Created attachment 33703 [details] Proposed patch to fix module equivalence duplicates Here is a proposed fix for the problem related to equivalence statements in nested/recursive use (see also PR 60780). I've run 'make check-fortran' on rev. 216017 with and without this patch had a FAIL on gfortran.dg/typebound_operator_3.f03 (as discussed in PR 63404) both ways.

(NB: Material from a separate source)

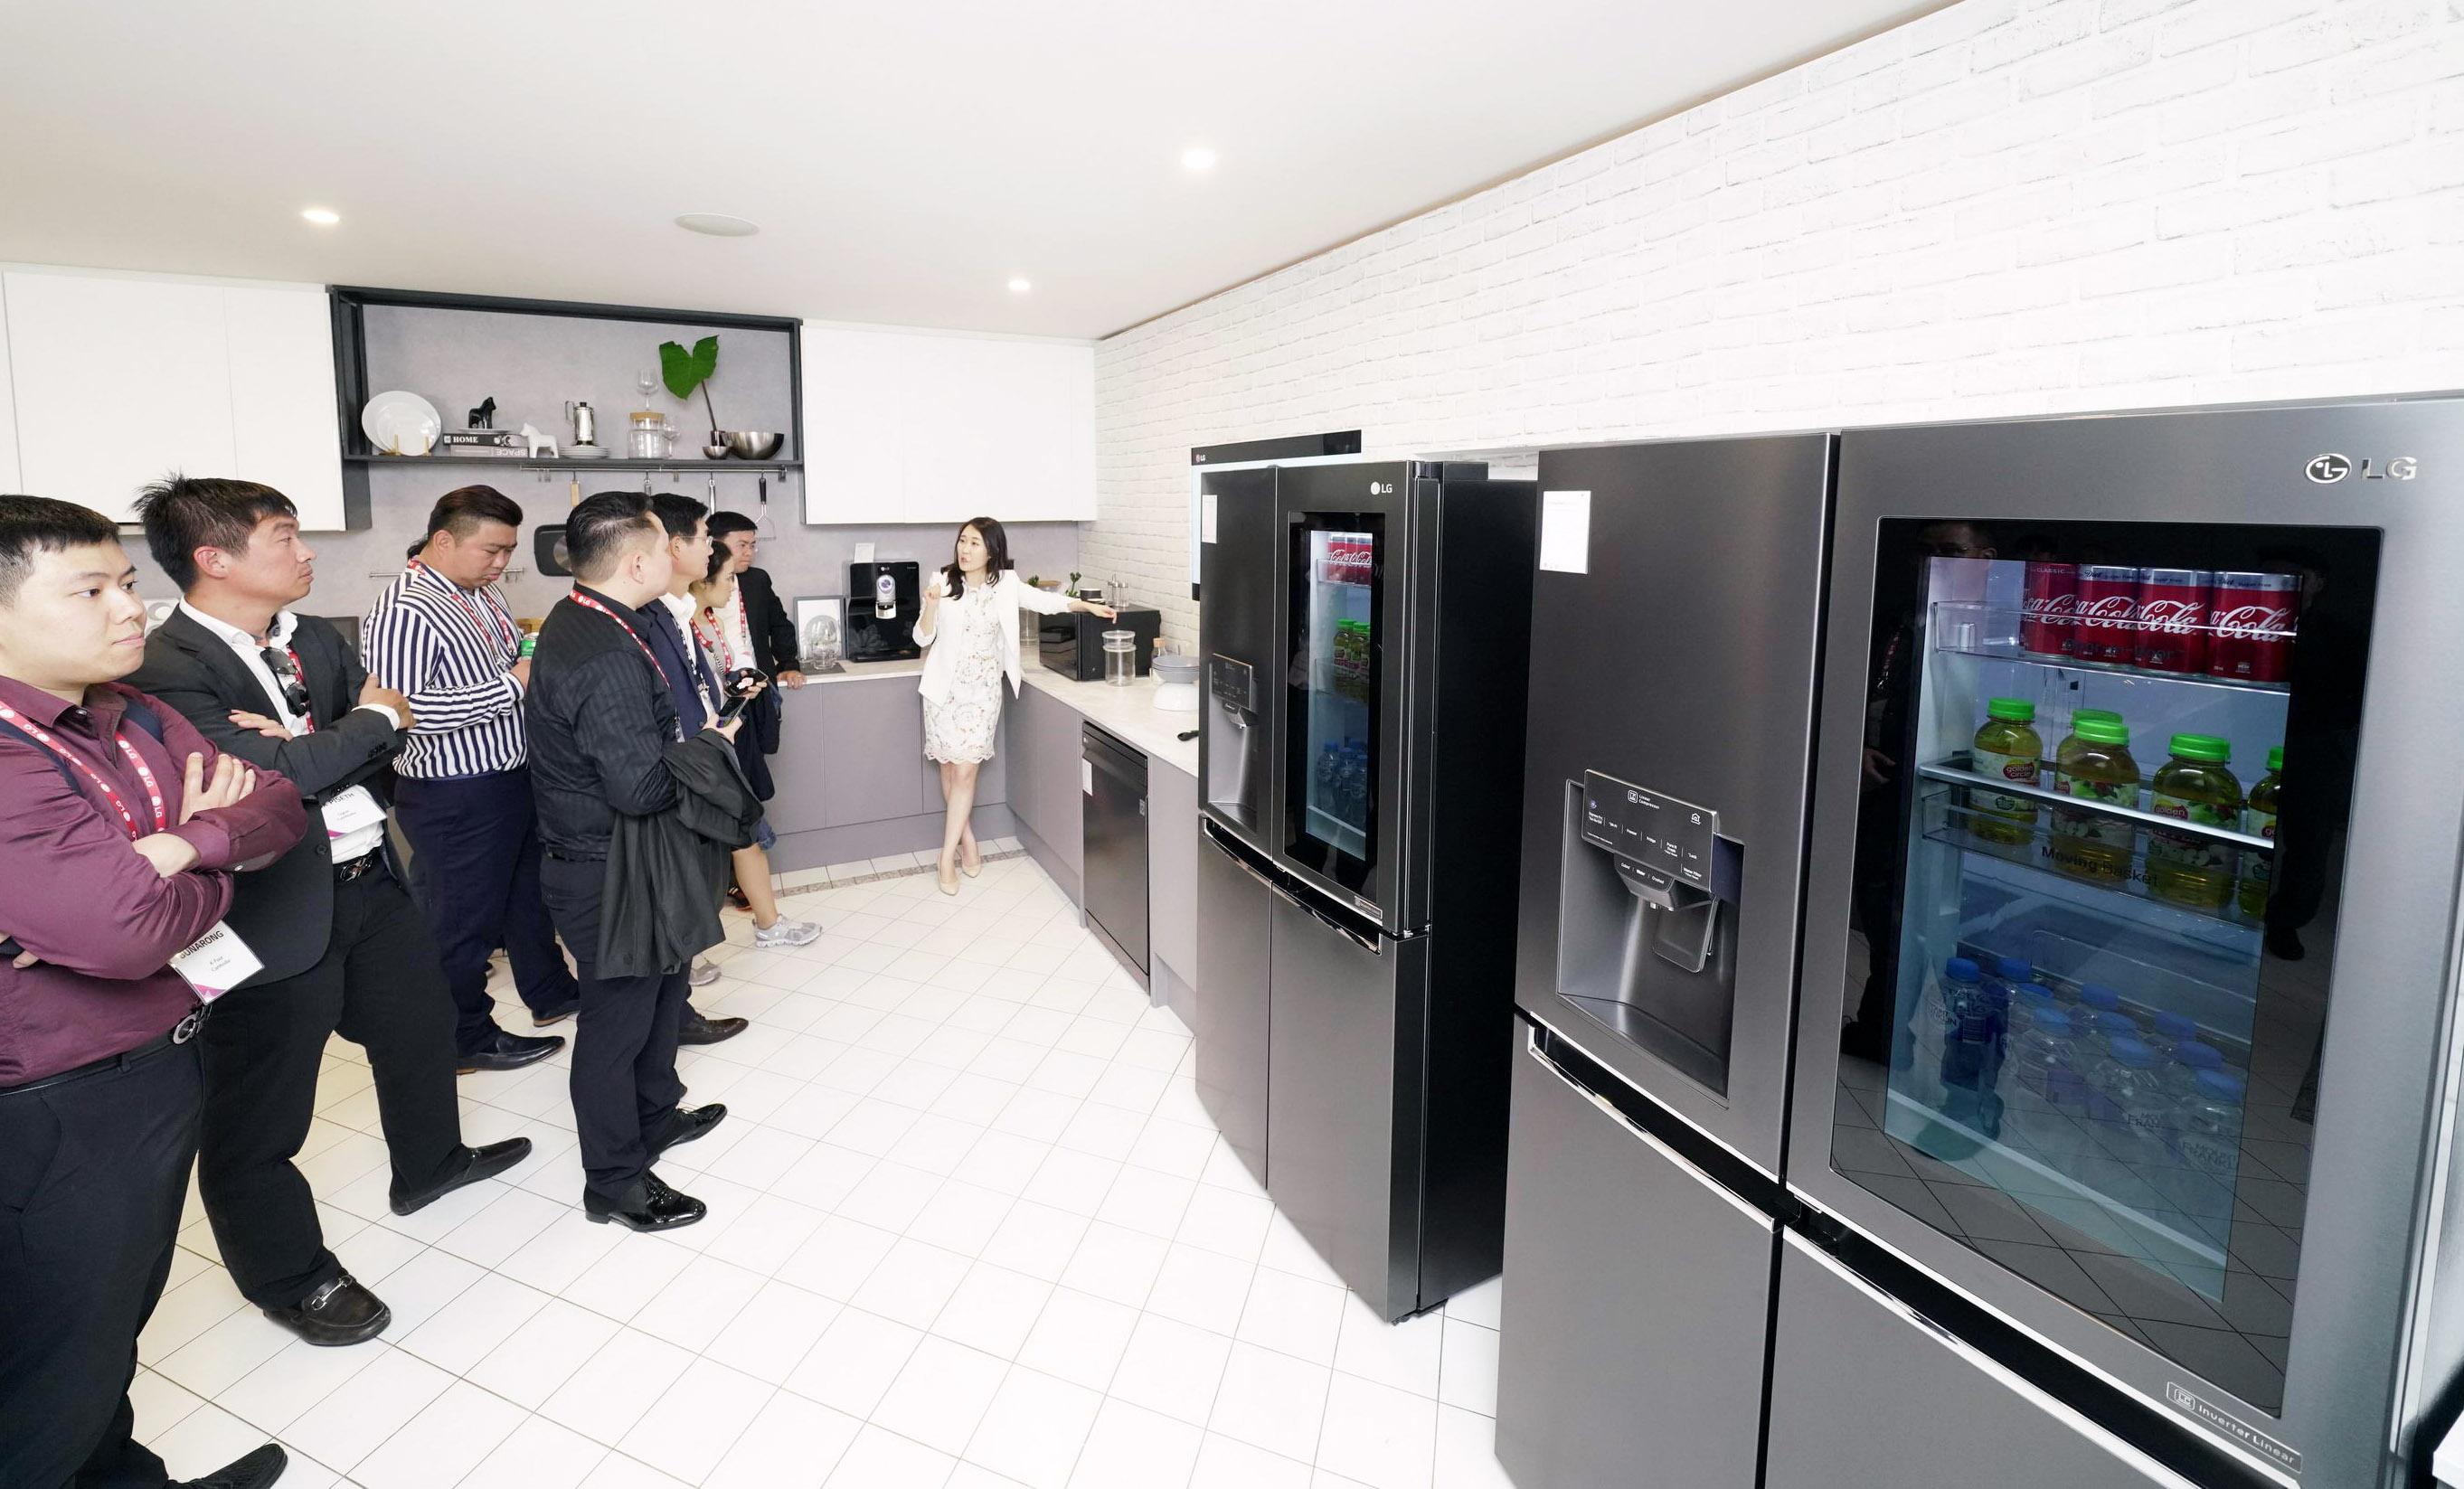 LG전자가 12일부터 이틀간 호주 시드니에서 올해 첫 'LG 이노페스트(LG InnoFest)'를 열었다. LG전자는 시드니 근교의 일반 주택을 'LG 홈(LG Home)'으로 꾸며 고객들이 실제 주거공간에서 제품을 직접 경험할 수 있도록 했다. LG 이노페스트 참가자들이 주방에서 '노크온 매직스페이스 냉장고', 광파오븐, 정수기 등 다양한 주방가전을 체험하고 있다.

Author: kargl Date: Fri Jun 5 16:54:53 2015 New Revision: 224159 URL: https://gcc.gnu.org/viewcvs?rev=224159&root=gcc&view=rev Log: 2015-06-03 Russell Whitesides <russelldub@gmail.com> Steven G. Kargl <kargl@gcc.gnu.org> PR fortran/40958 PR fortran/60780 PR fortran/66377 * module.c (load_equiv): Add check for loading duplicate EQUIVALENCEs from different modules. Eliminate the pruning of unused equivalence-objects 2015-06-03 Steven G. Kargl <kargl@gcc.gnu.org> PR fortran/66377 gfortran.dg/equiv_9.f90: New test. Added: trunk/gcc/testsuite/gfortran.dg/equiv_9.f90 Modified: trunk/gcc/fortran/ChangeLog trunk/gcc/fortran/module.c trunk/gcc/testsuite/ChangeLog
Author: kargl Date: Fri Jun 5 20:40:35 2015 New Revision: 224171 URL: https://gcc.gnu.org/viewcvs?rev=224171&root=gcc&view=rev Log: 2015-06-03 Russell Whitesides <russelldub@gmail.com> Steven G. Kargl <kargl@gcc.gnu.org> PR fortran/40958 PR fortran/60780 PR fortran/66377 * module.c (load_equiv): Add check for loading duplicate EQUIVALENCEs from different modules. Eliminate the pruning of unused equivalence-objects 2015-06-03 Steven G. Kargl <kargl@gcc.gnu.org> PR fortran/66377 gfortran.dg/equiv_9.f90: New test. Added: branches/gcc-5-branch/gcc/testsuite/gfortran.dg/equiv_9.f90 Modified: branches/gcc-5-branch/gcc/fortran/ChangeLog branches/gcc-5-branch/gcc/fortran/module.c branches/gcc-5-branch/gcc/testsuite/ChangeLog
I suggest we close this PR, as situation has significantly improved. Please open new PR(s) for specific issues related to module size.